Monday, 5 November 2012

On choosing Church leaders

I wonder whether the Crown Nominations Commission should resign en masses, and we should instead choose the next Archbishop of Canterbury in much the same way as the Copts choose their Pope:

Maybe there would be a process of nomination - all General Synod members secretly write down one name, the top twenty go onto the long-list. This would allow the possibility of those not already in the house of bishops to be considered, and General Synod members might be expected to have a sense of what the potential leading candidates are like (!).

Then there would be a vote to produce a short-list. Perhaps all clergy and PCC members in England could have the franchise in this. It ought to be easy enough to organize, rather than a vote of all Anglicans (after all we've no idea who would qualify for that).
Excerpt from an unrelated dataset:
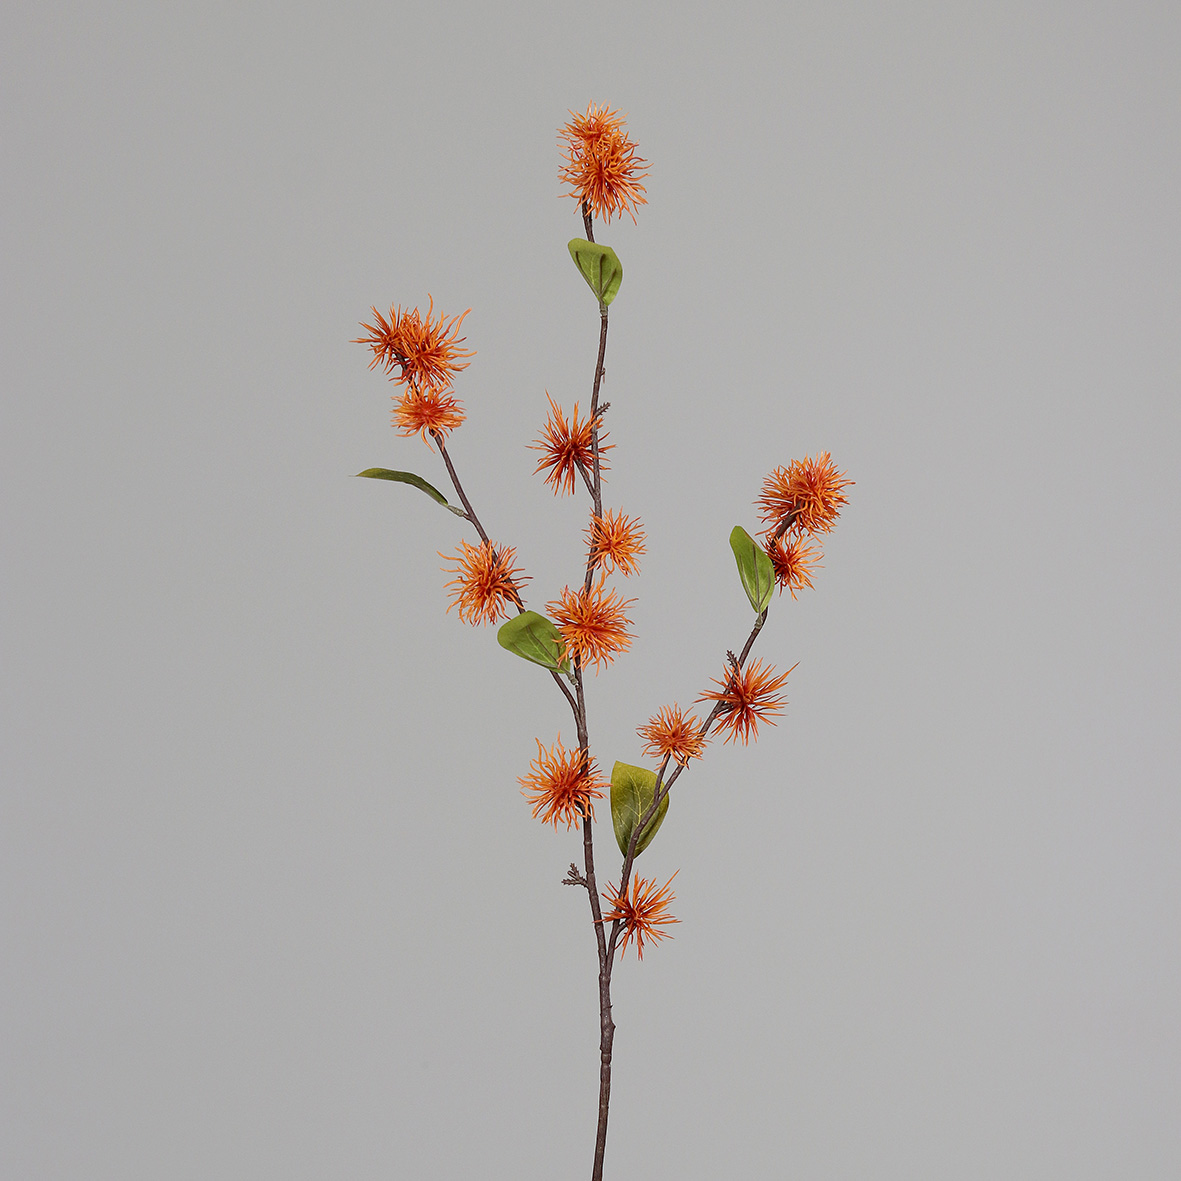 Zaubernusszweig / Hamameliszweig 100cm orange DP Kunstblumen Kunstzweig künstliche Blumen Hamamelis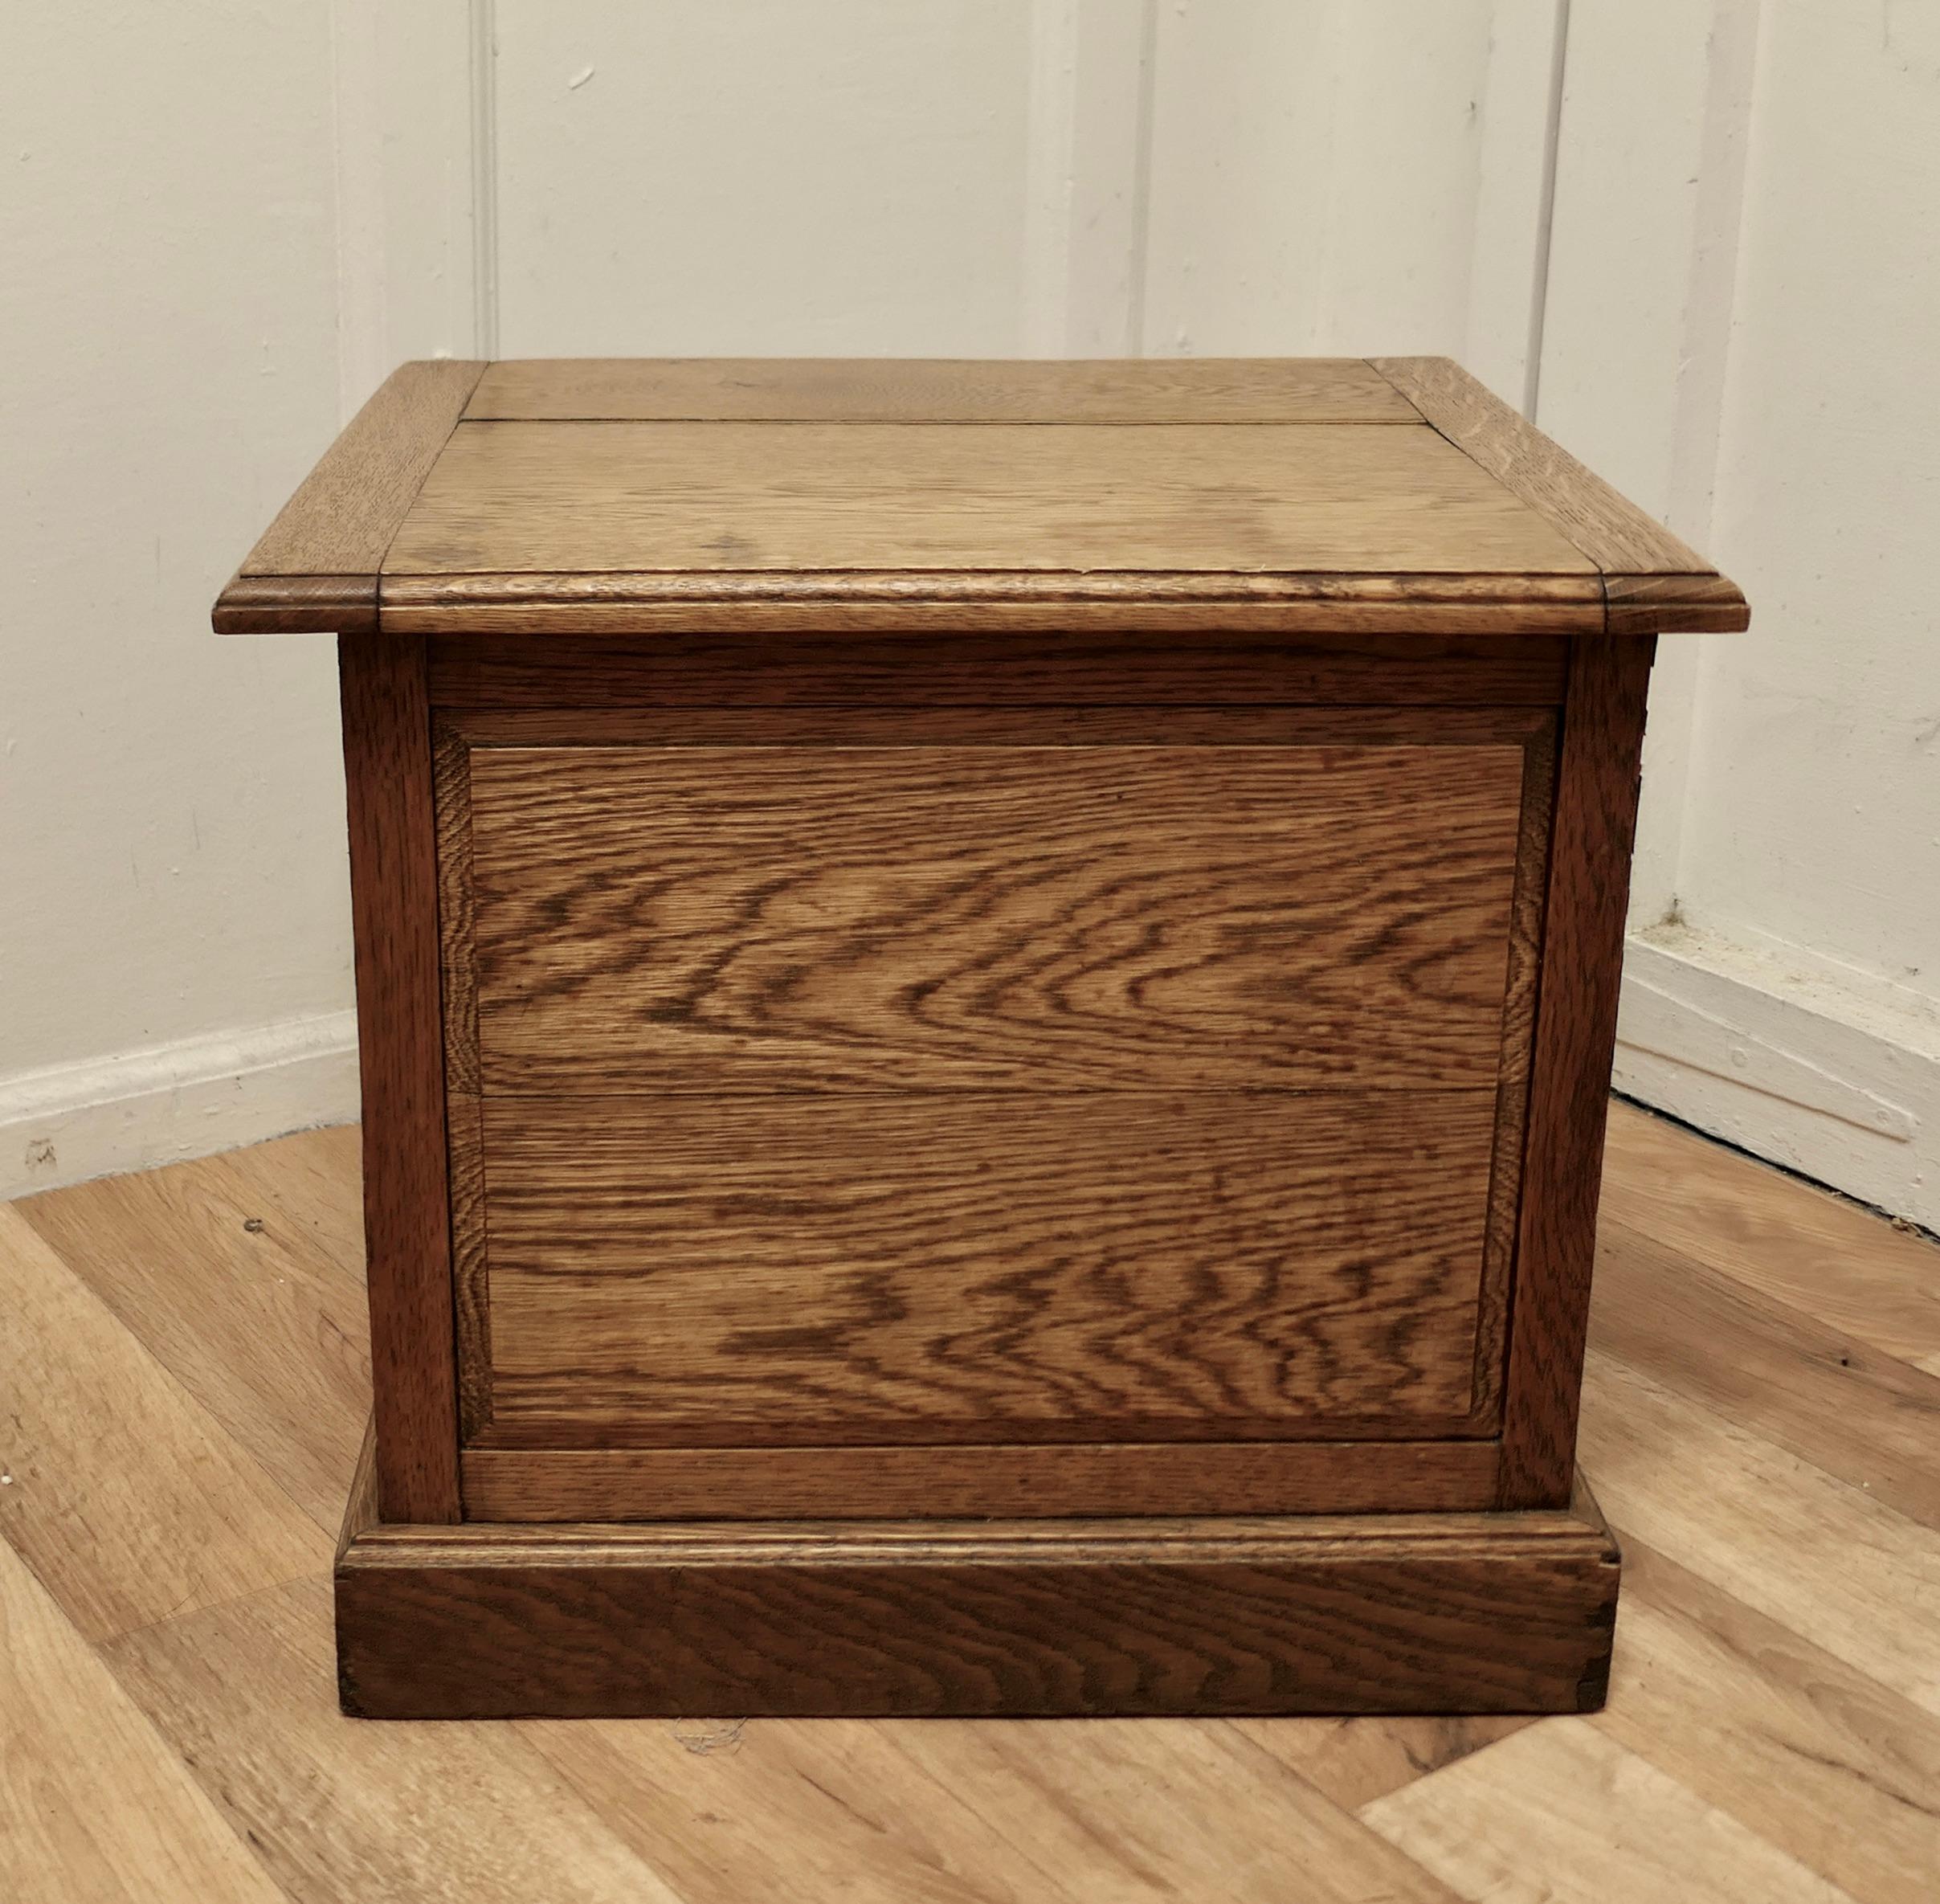 Arts and Crafts Golden Oak Log Box, Sitzgelegenheit oder Beistelltisch

Dies ist eine gute Qualität Aufbewahrungsbox, ist es eine gute Höhe für einen Sitz am Kamin und würde auch als Log Storage Box, wie es eine gute Größe 
Die Box ist 18

Finally an innocent person chooses one name from the three in the bowl (why not have a Muslim do it, just as the keys to the Church of the Resurrection/Holy Sepulchre in Jerusalem are held by a Muslim family, to stop the Christians arguing over it?).

You see, the thing is that this way God can get directly involved (see Acts 1.20-26). And this would give the poor so...chosen candidate a legitimacy which the current system denies. Something which the Church of England could very well use in settling arguments. Something along the lines of "I know there are legitimate disagreements here, but since God has put me here to give a lead, this is how we're going to go forward."

Anyone disagreeing would have to explain why they thought God wasn't careful enough when the choice was made.